_INSTRUCTIONS FOR THE TASK:_ In duplicating the lines below, keep every word unchanged and drop the pictures.

_GIVEN MATERIAL:_
>>

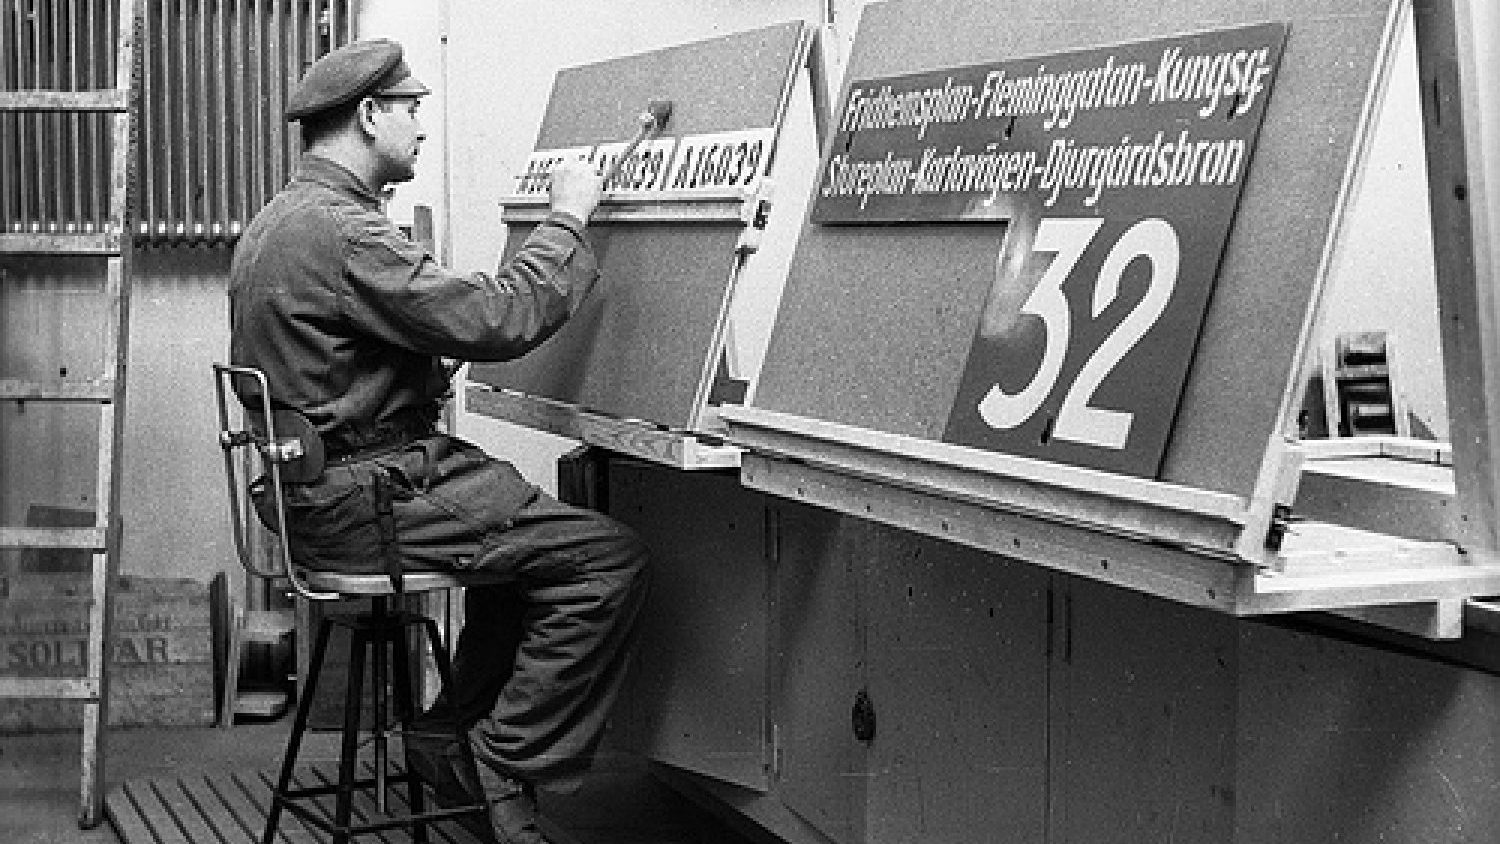 Zīmju krāsotājs tramvaju depo, 1943. Foto - Borje Galens
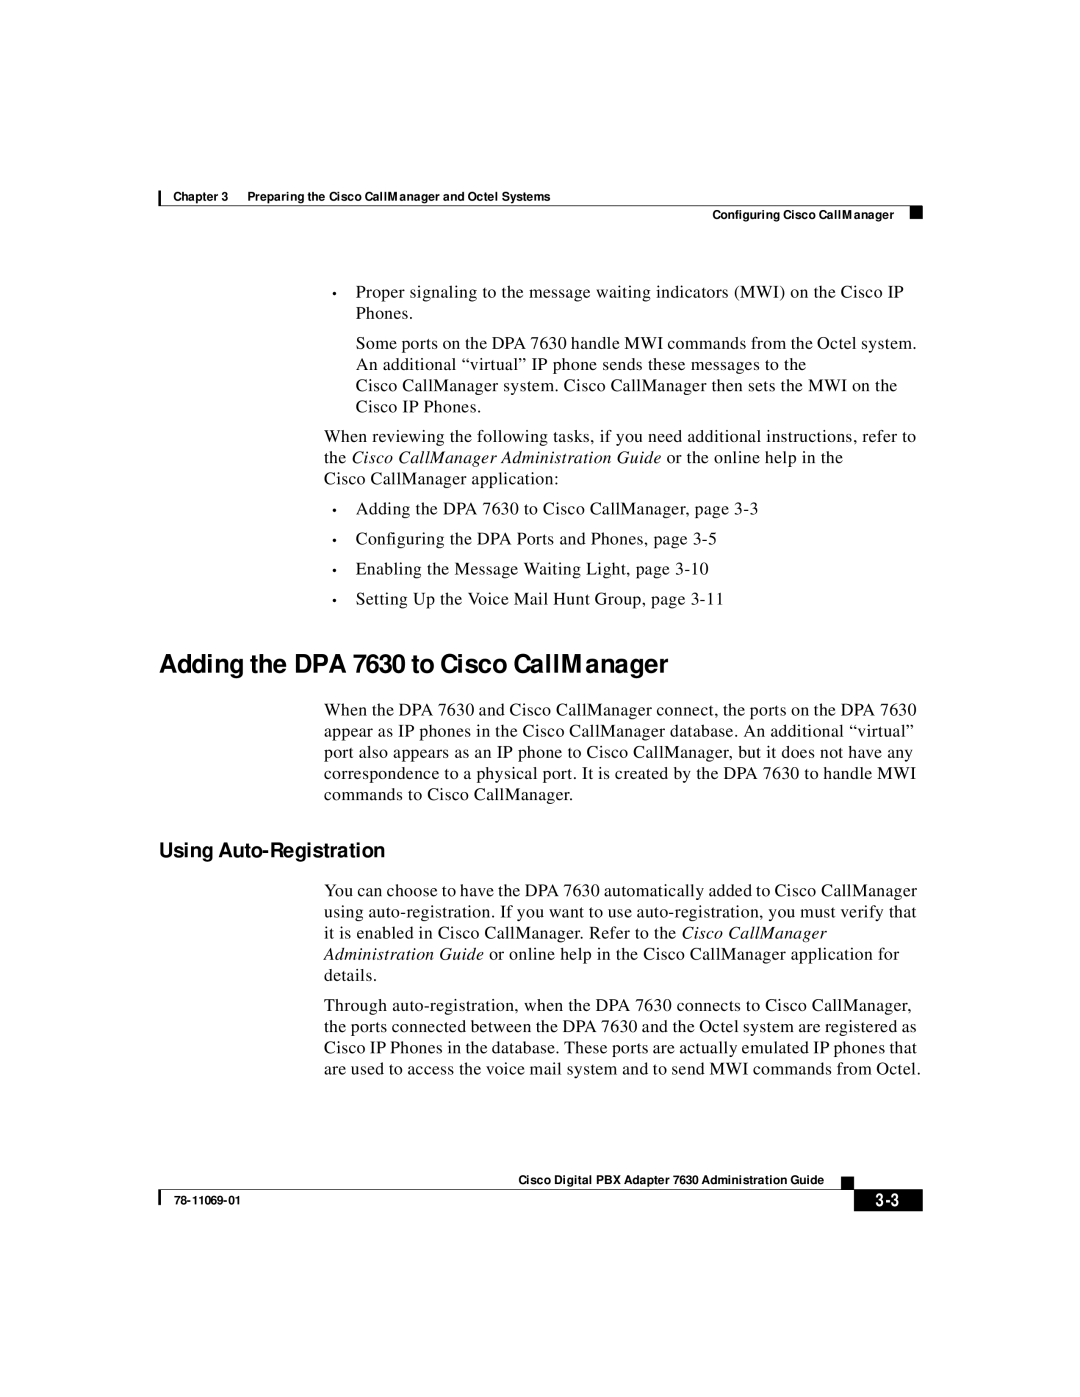 3Com 78-11069-01 manual Adding the DPA 7630 to Cisco CallManager, Using Auto-Registration 
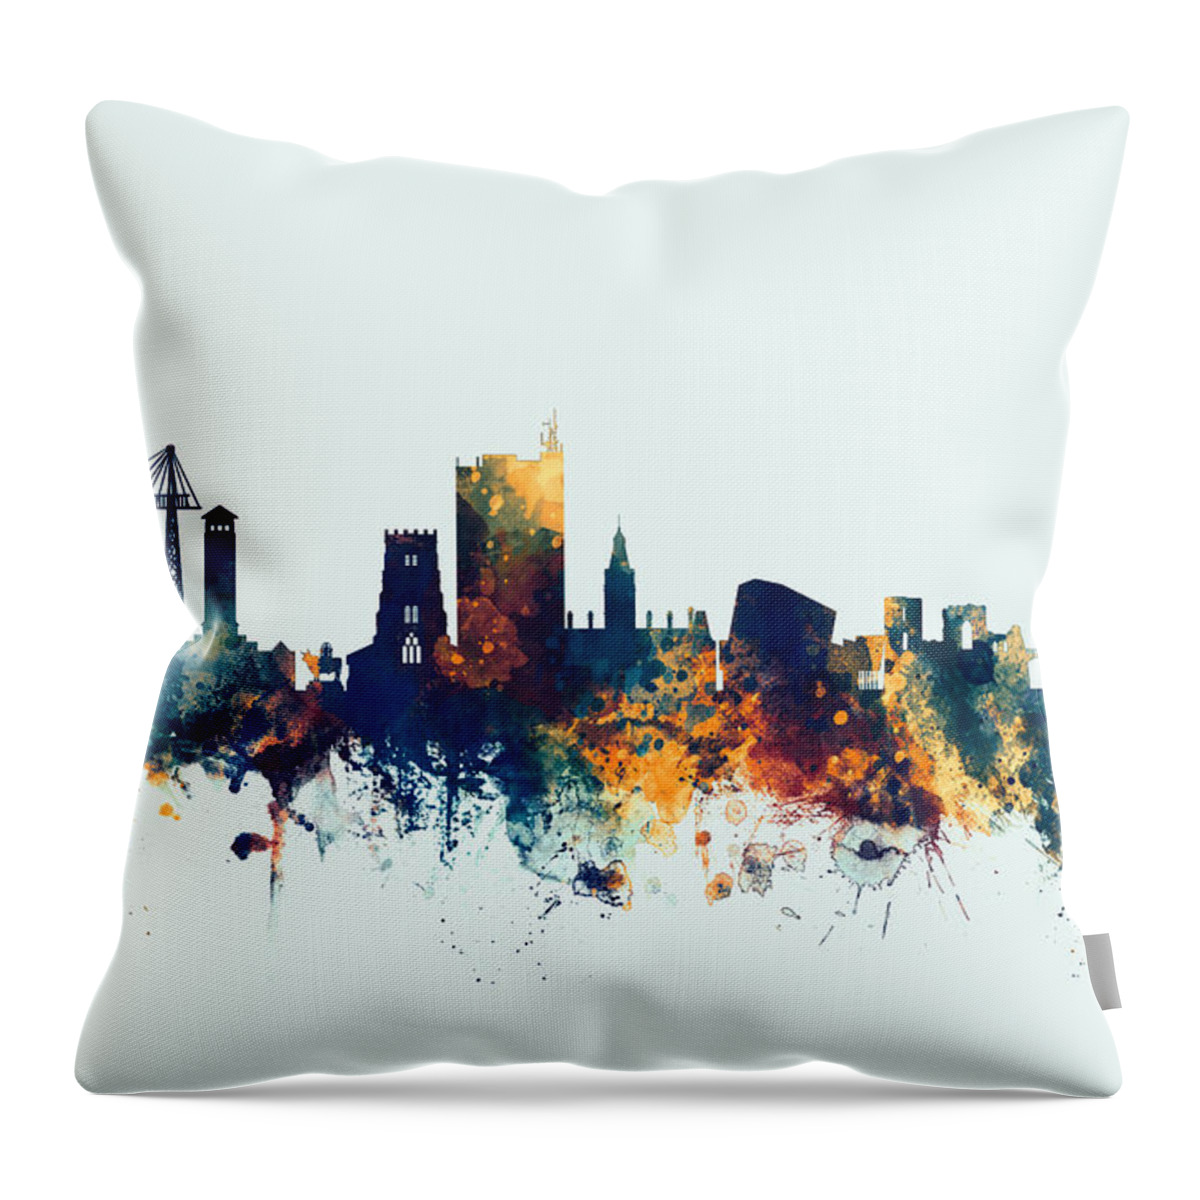 Newport Throw Pillow featuring the digital art Newport Wales Skyline #2 by Michael Tompsett

<<

_ANSWER TO THE EXERCISE:_
 Zīmju krāsotājs tramvaju depo, 1943. Foto - Borje Galens
 3Com 78-11069-01 manual Adding the DPA 7630 to Cisco CallManager, Using Auto-Registration 
 Newport Throw Pillow featuring the digital art Newport Wales Skyline #2 by Michael Tompsett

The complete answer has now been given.